My question is should I try to go back to both eyes open or not. Have y'all heard of closing one eye causing TP? 

What advice can you give me? Thanks.


----------



## da white shoe (Mar 10, 2009)

If you're a bowhunter, I think that there is a real advantage to shooting with both eyes open... *IF* you never have trouble with your non-dominate eye taking over when you're aiming. Both eyes open will give you a much greater field of view to see that hidden branch in your sight picture or that doe that is about to step in line with your shot. Shooting a walking deer with one eye closed? Forget it!

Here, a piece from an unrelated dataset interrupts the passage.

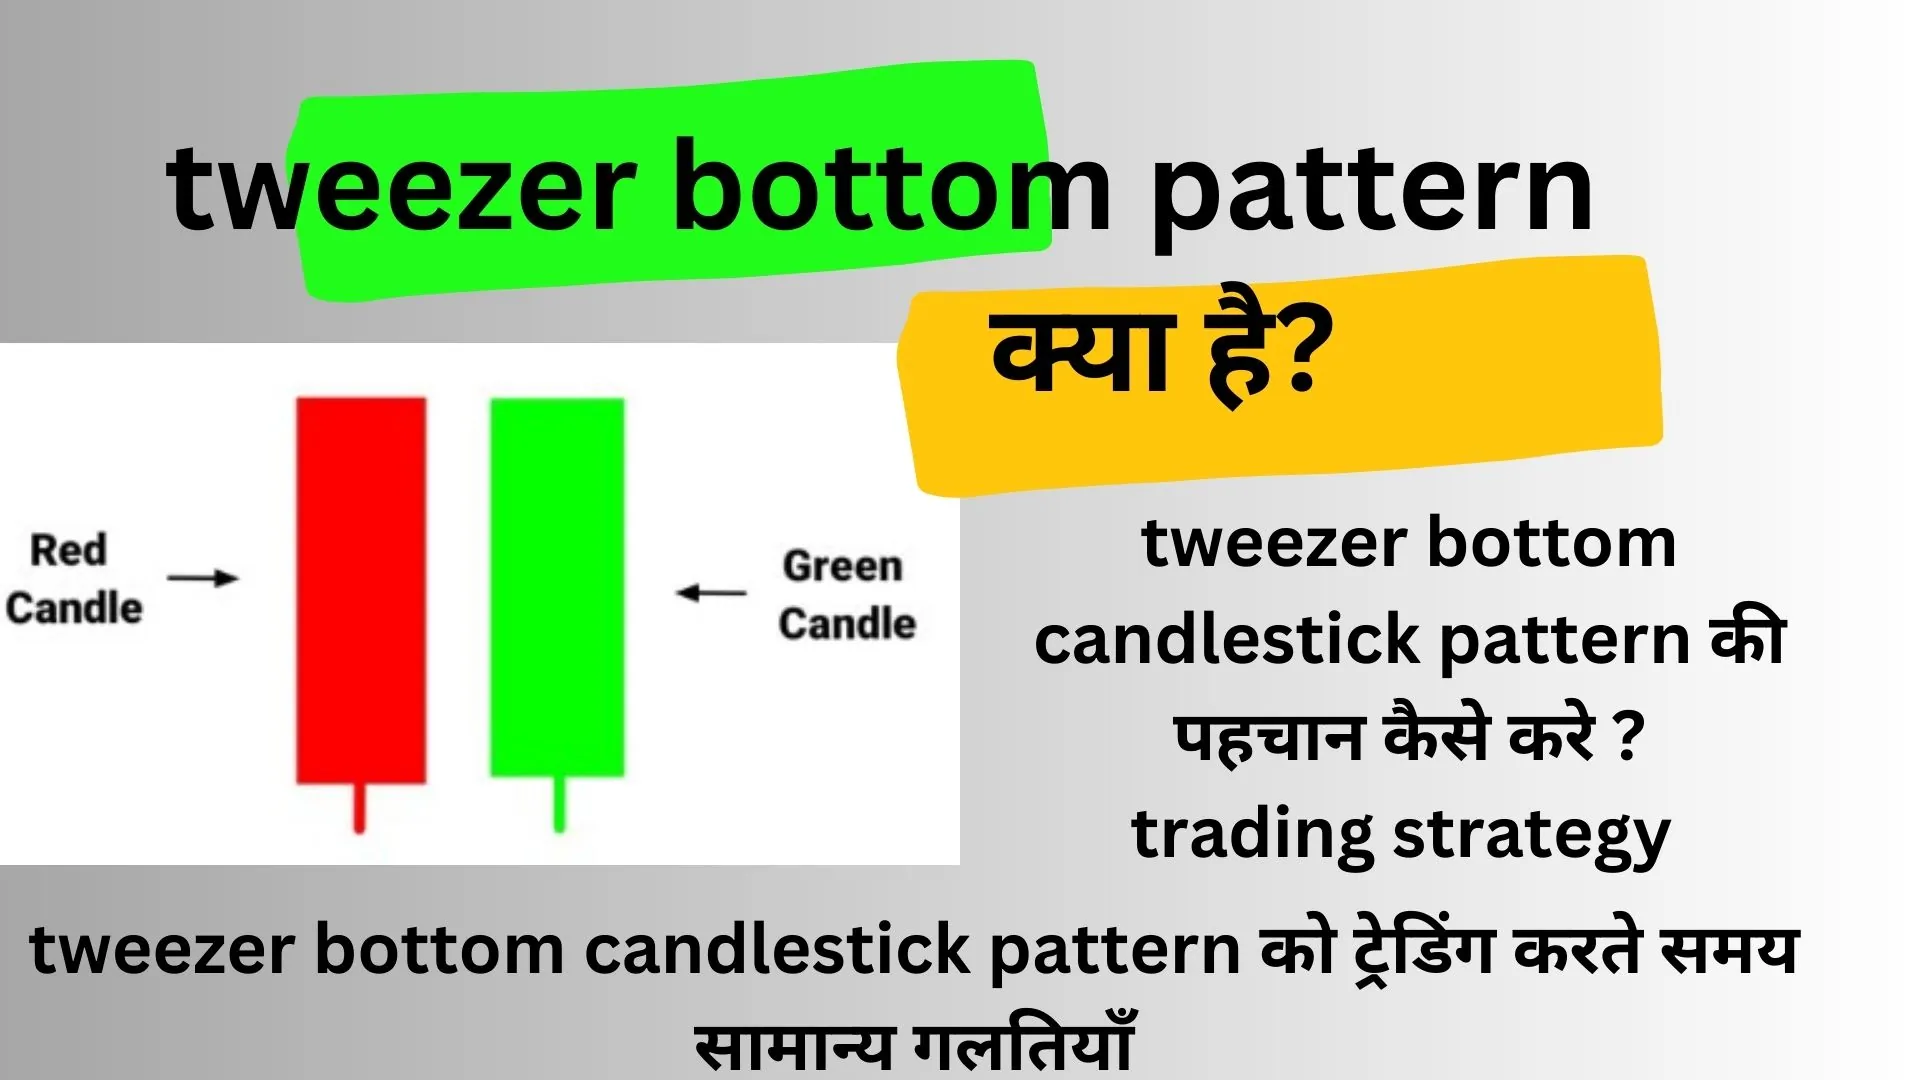 tweezer-bottom-candlestick-pattern-in-hindi

For a target archer... I would think that either way can work well, depending on the shooter, but then again, I'm not a target archer.

I do know that, for me, there is a certain amount of panic that can set in while aiming with one eye closed in a hunting situation. I'm not sure why this happens to me, but I know that I have felt it and now I train to keep both eyes open on every shot.

My eyes started to go when I hit 40 too. I fought it for a while, trying to adapt my shooting to it. I finally gave in.
Now, I wear glasses that make the target clear and I don't worry about seeing the pins clearly. This works very well. Then again, my pins aren't so blurry that I can't tell them apart, as in your situation.
I take it that you haven't gotten glasses yet? If not, it's time to do it. 
There's nothing else you *can* do but get glasses... or eye surgery, that is... if you're a candidate for it in the first place. 
You should talk with an eye doctor to see what you need to do.

Good luck!


----------



## 1ELKAHOLIC (Dec 8, 2010)

Thanks, I went to the eye doc last year for this reason. I have glasses and I tried contacts in both cases I can see my target great but it makes my pins very bad. In general my glasses help me at a distance but for up close I need reading glasses. This is why my pins get blurry with my glasses or a lens in my peep. Getting old is a bummer. Without my glasses and one eye closed my target is for the most part clear (but not perfect) and my pins are fine. The only major issue I am having is I sometimes get some TP. 

The sun has decided to come out today here, so I will revisit shooting outside with both eyes open in hopes I can make out my pins while focusing on the target. 

Thanks for the input.


----------



## AJ the TP Guru (Jul 29, 2011)

I'm a good bit older than 40, and have had the same problem for some time now. I learned to shoot with both eyes open, and initially it was hard to close one. But you get used to it. Hang in there, elkaholic.


----------



## 1ELKAHOLIC (Dec 8, 2010)

AJ the TP Guru said:


> I'm a good bit older than 40, and have had the same problem for some time now. I learned to shoot with both eyes open, and initially it was hard to close one. But you get used to it. Hang in there, elkaholic.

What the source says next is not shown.